Письмо это Янчи сдал на почту в соседнем селе, как его просил об этом аптекарь. Почему — Янчи не спрашивал: паренек он был смышленый и знал, что к чему. Впрочем, он лично не имел ничего против военного лагеря, хотя и понимал, что солдаты в самом скором времени из палаток переселятся в подземные бункера, и от палаточного лагеря не останется и следа.
Солдаты были парни веселые, потому что до них дошел слух, будто бы если разразится война, то тех, кто занят на такого рода строительстве, не возьмут на фронт. На фронте ведь можно и в плен попасть, а нельзя, чтобы к противнику в руки попал солдат, которому известно местонахождение огромных стратегических хранилищ горючего…
Янчи слышал разговоры о близкой войне, но его они пока мало трогали. А для отца Янчи — Киш-Мадьяра соседство военной части было очень даже выгодно. Он обзавелся новыми лошадьми, и даже повозка у него была новая, и он перевозил на ней не только мешки с цементом и другой груз, но — по воскресеньям — и компании подгулявших офицеров, которые называли старшего Киш-Мадьяра дядей Янчи и, помимо платы за перевозку, не скупились на чаевые.
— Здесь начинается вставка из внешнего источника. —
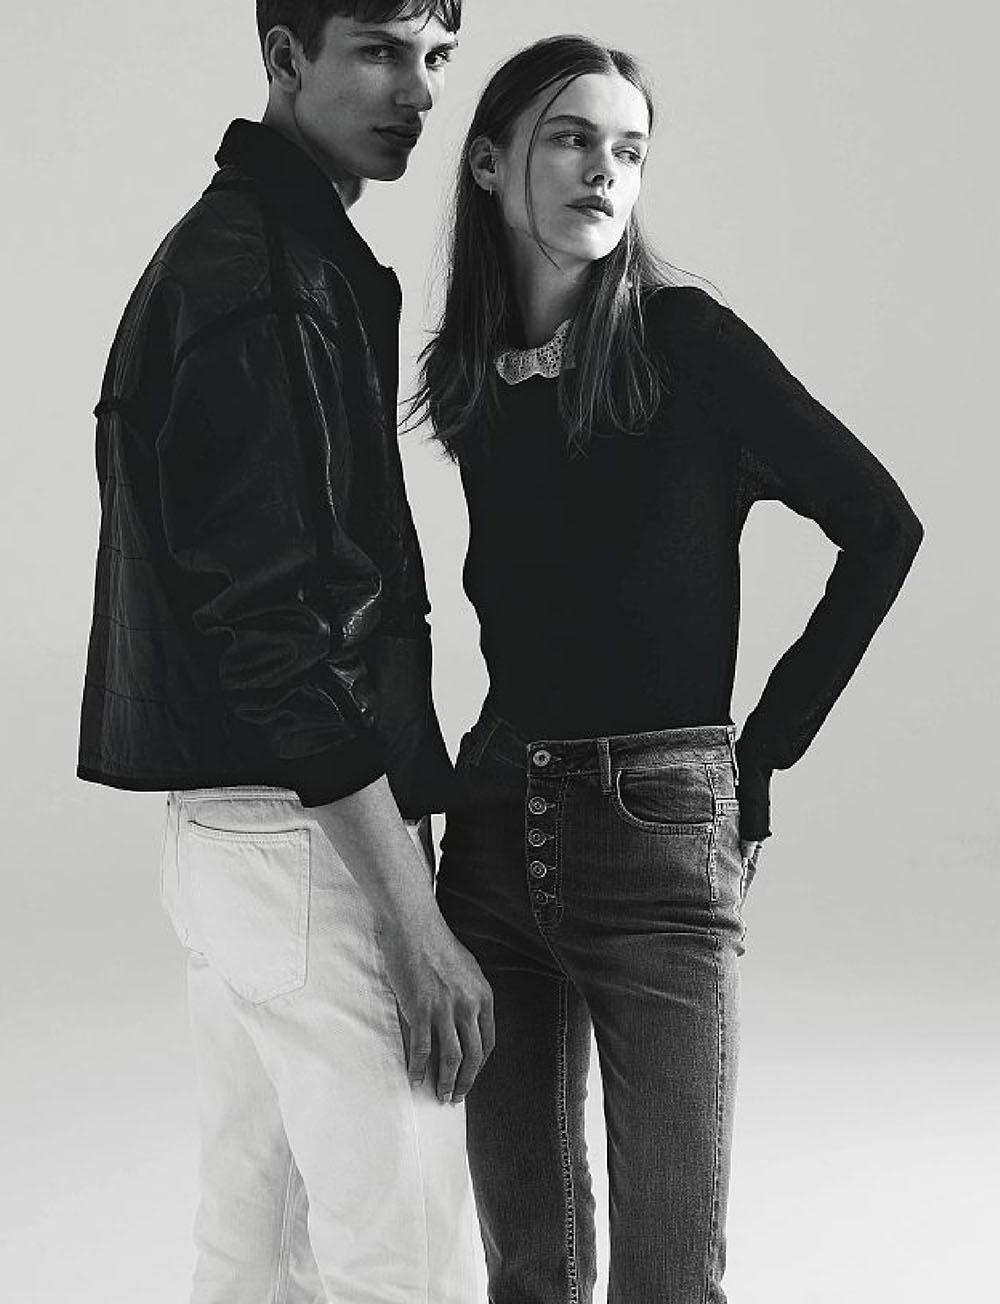 Stina Rapp Wastenson and Vilhelm Jakobsson by Tomas Falmer for Amica Magazine June 2020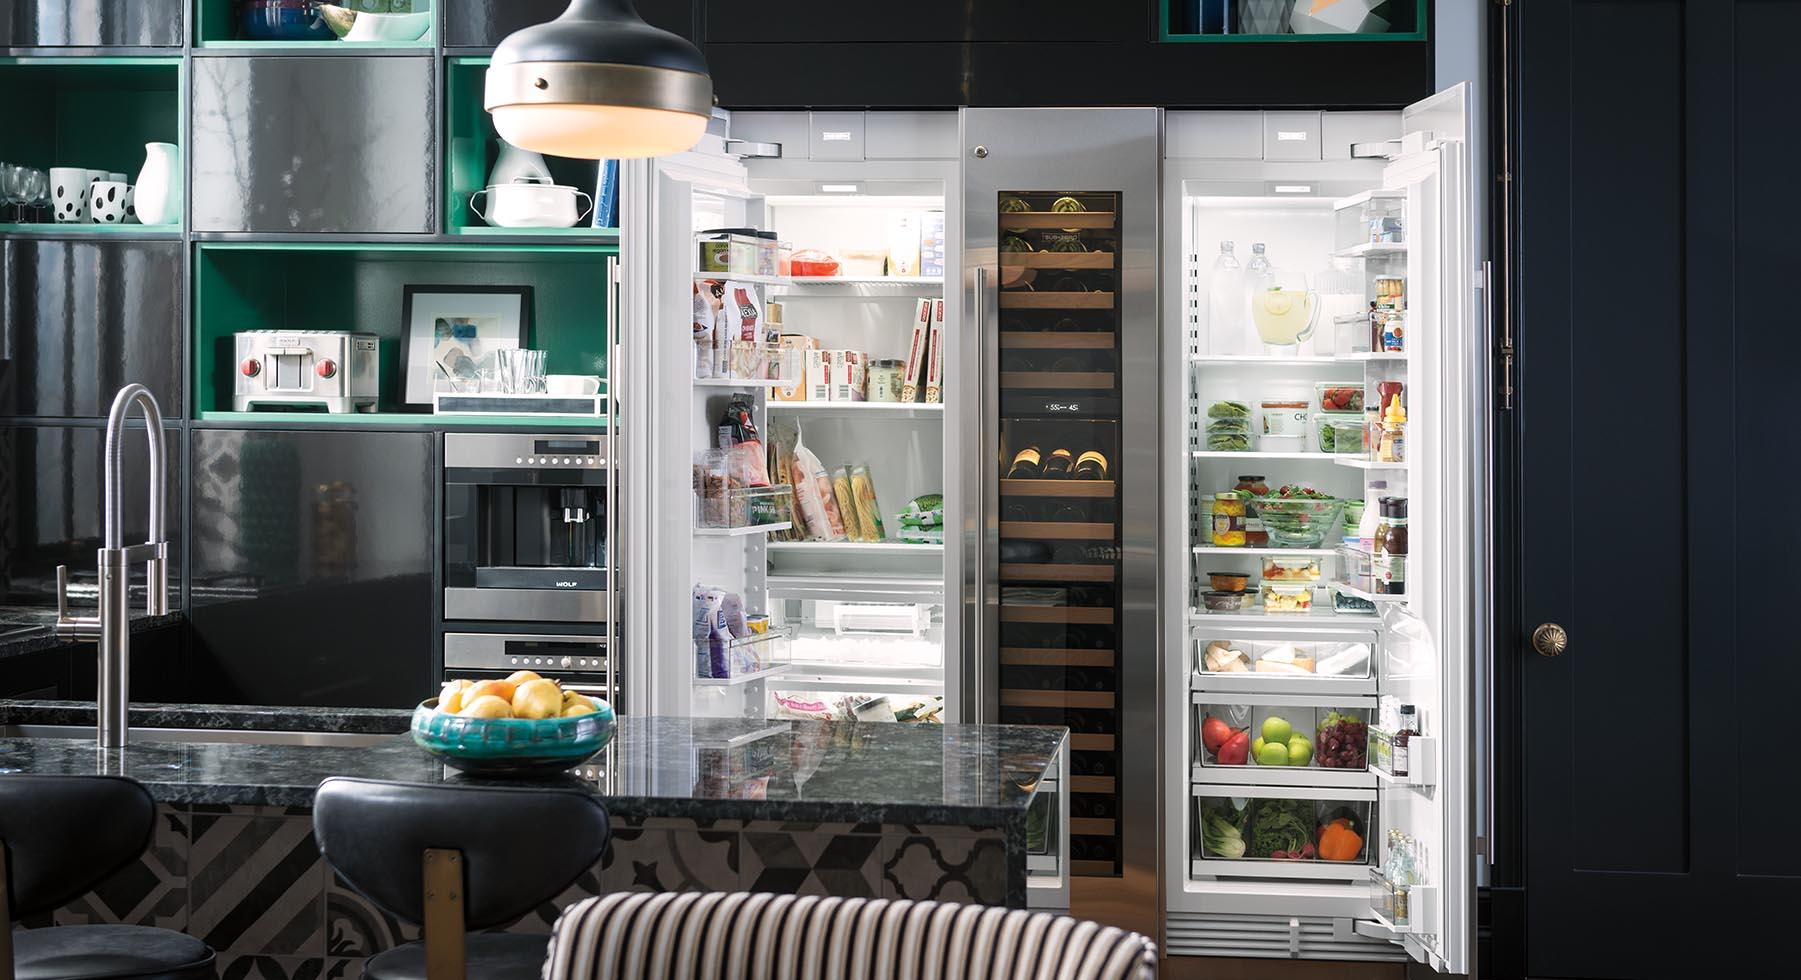 Sub Zero Glass Door Refrigerator subzero overview home appliances, kitchen appliances

Семейству Киш-Мадьяра война не нанесла никакого ущерба, во всяком случае до настоящего времени. Янчи неплохо подрабатывал, помогая в аптеке или в лаборатории, и в те дни там же и обедал. За это он был очень благодарен аптекарю и платил ему привязанностью. Была, однако, у Янчи своя мечта: на несколько дней выпросить у аптекаря сильный бинокль. Янчи по-прежнему беспокоило: остались ли взрослые филины жить в прежней пещере, а выяснить это можно было, только вооружившись биноклем и наблюдая за скалами на рассвете или в поздние сумерки.
И мечта Янчи сбылась: едва обратился он и аптекарю со своей просьбой, как тот снял со стены бинокль.
— Бери, только обращайся с ним осторожно!
— Я буду очень осторожен, — пообещал Янчи и в один из не слишком туманных рассветов углядел-таки сидящую у входа в пещеру самку филина.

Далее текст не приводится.